* [Provided records]:
========================

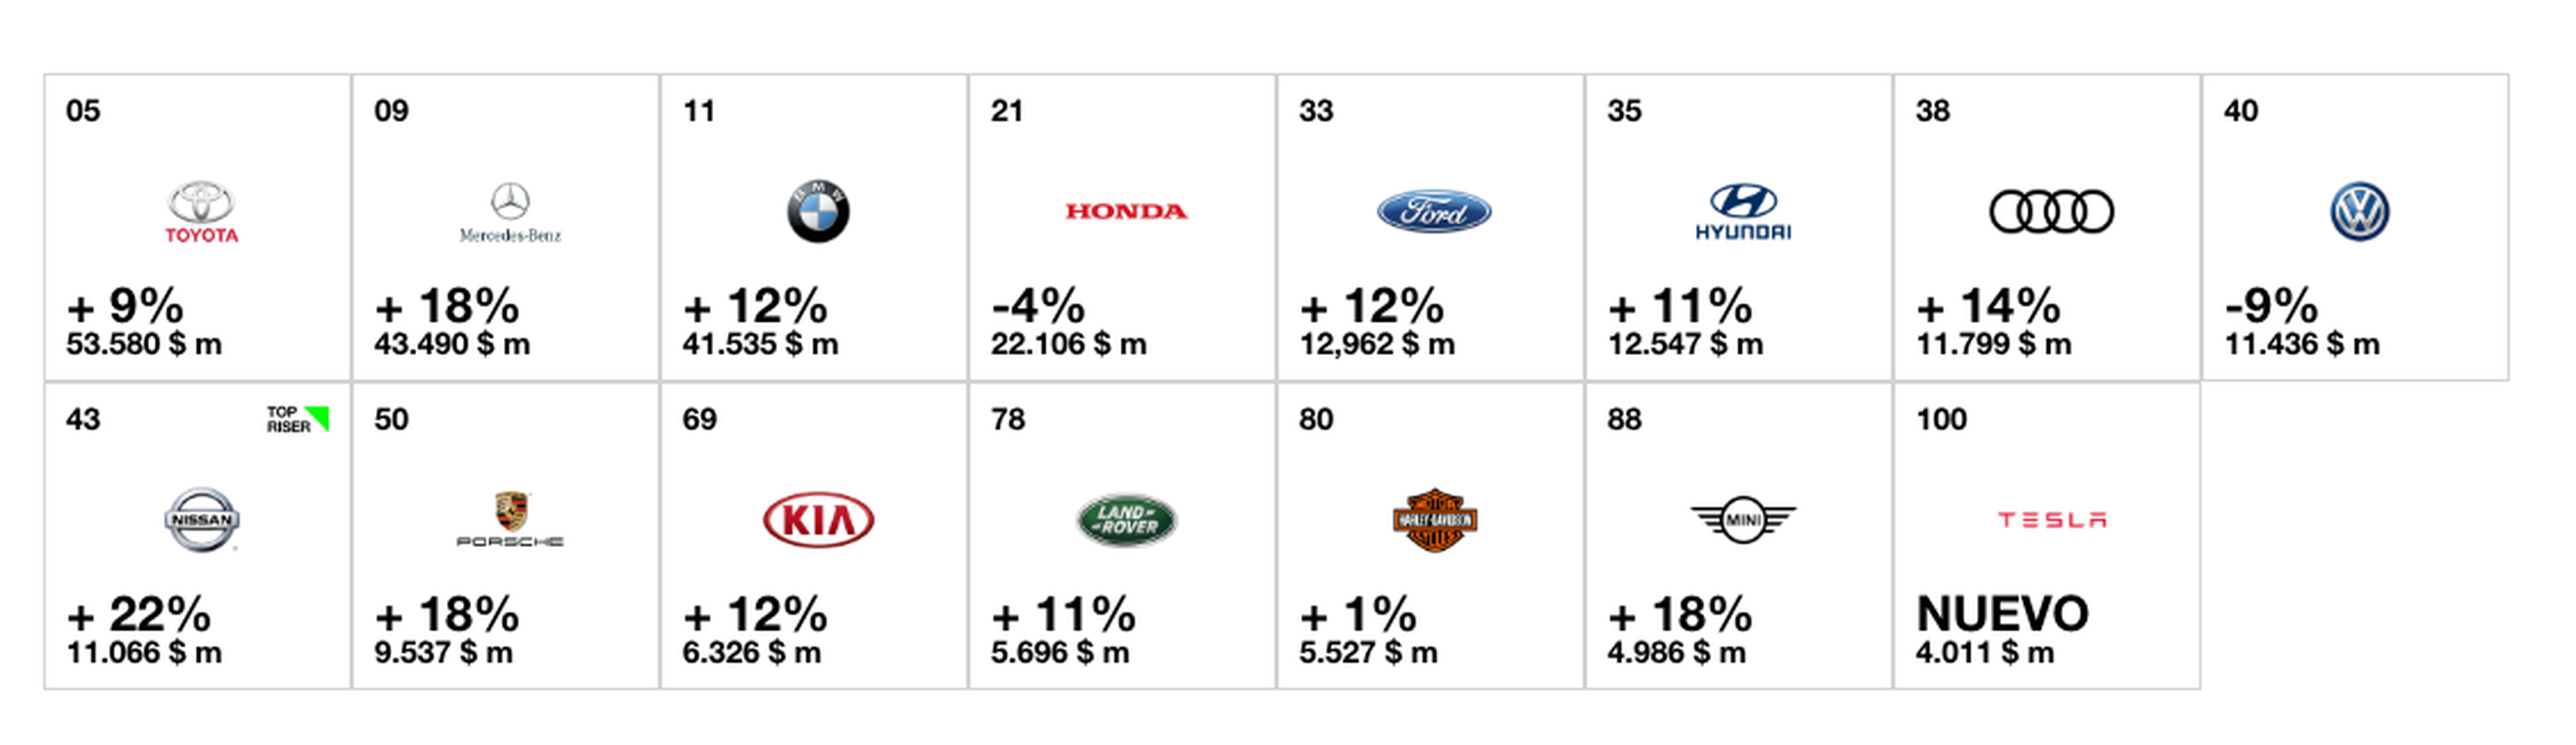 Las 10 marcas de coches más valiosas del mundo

========================

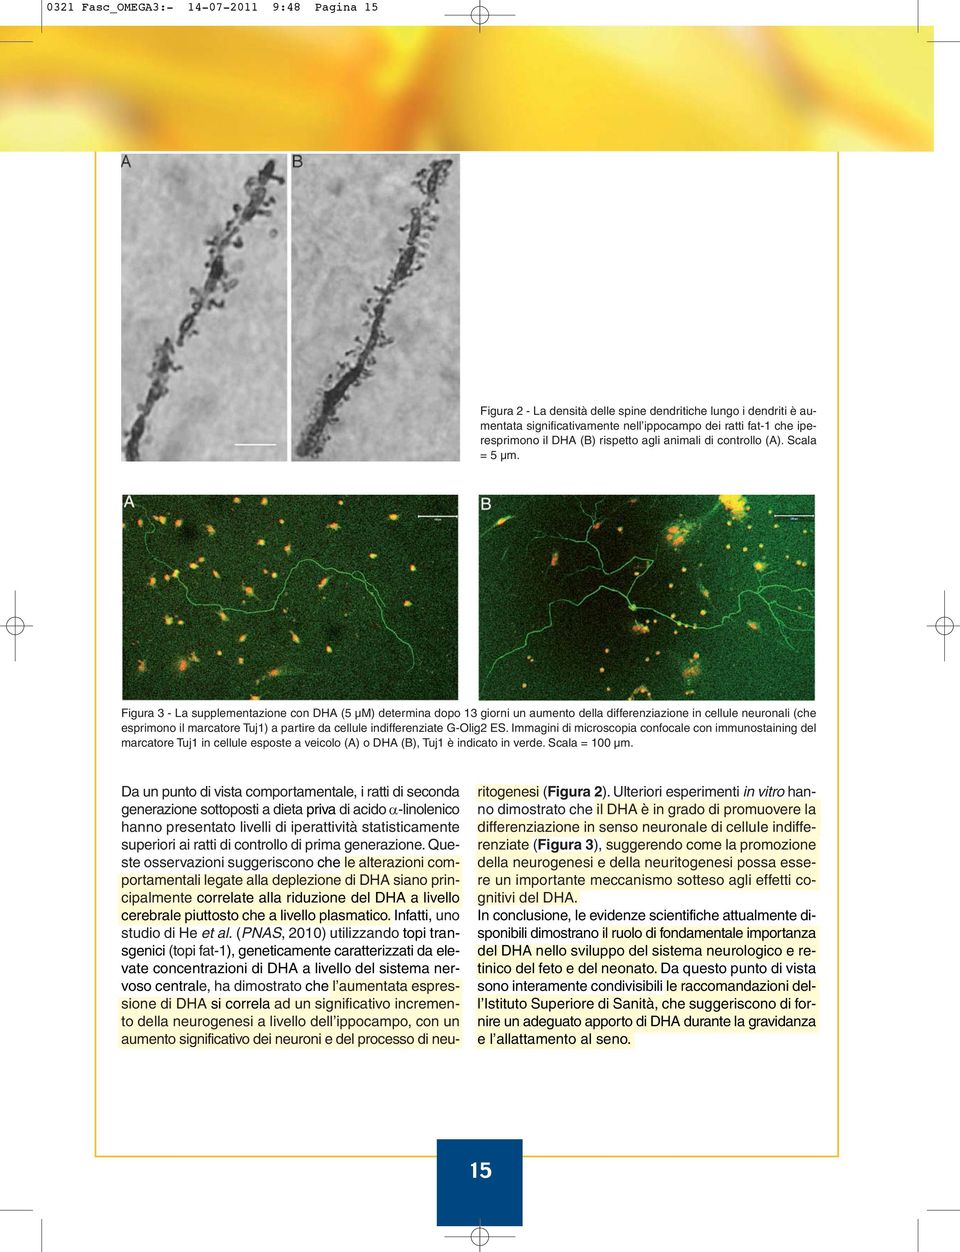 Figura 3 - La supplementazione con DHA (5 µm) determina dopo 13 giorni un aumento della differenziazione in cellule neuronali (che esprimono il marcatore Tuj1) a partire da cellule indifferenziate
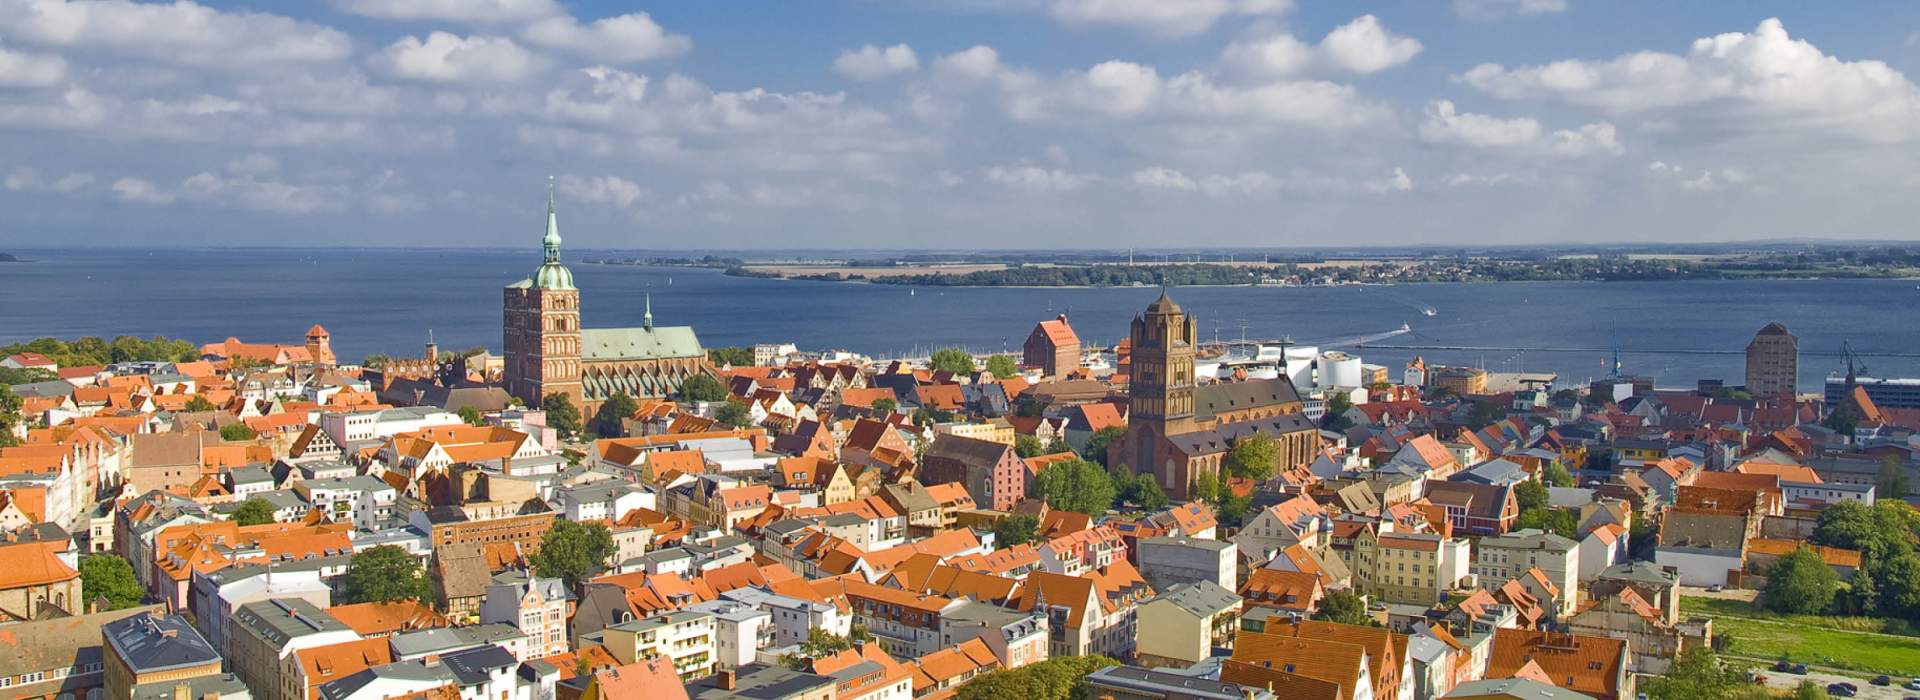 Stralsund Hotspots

========================

* [Aim of the task]: Beginning with the line above that contains "Figura 3 - La" and finishing with the line that contains "Stralsund Hotspots", print those lines exactly and only. Skip all pictures.

* [Answer to this task]:
 Figura 3 - La supplementazione con DHA (5 µm) determina dopo 13 giorni un aumento della differenziazione in cellule neuronali (che esprimono il marcatore Tuj1) a partire da cellule indifferenziate
 Stralsund Hotspots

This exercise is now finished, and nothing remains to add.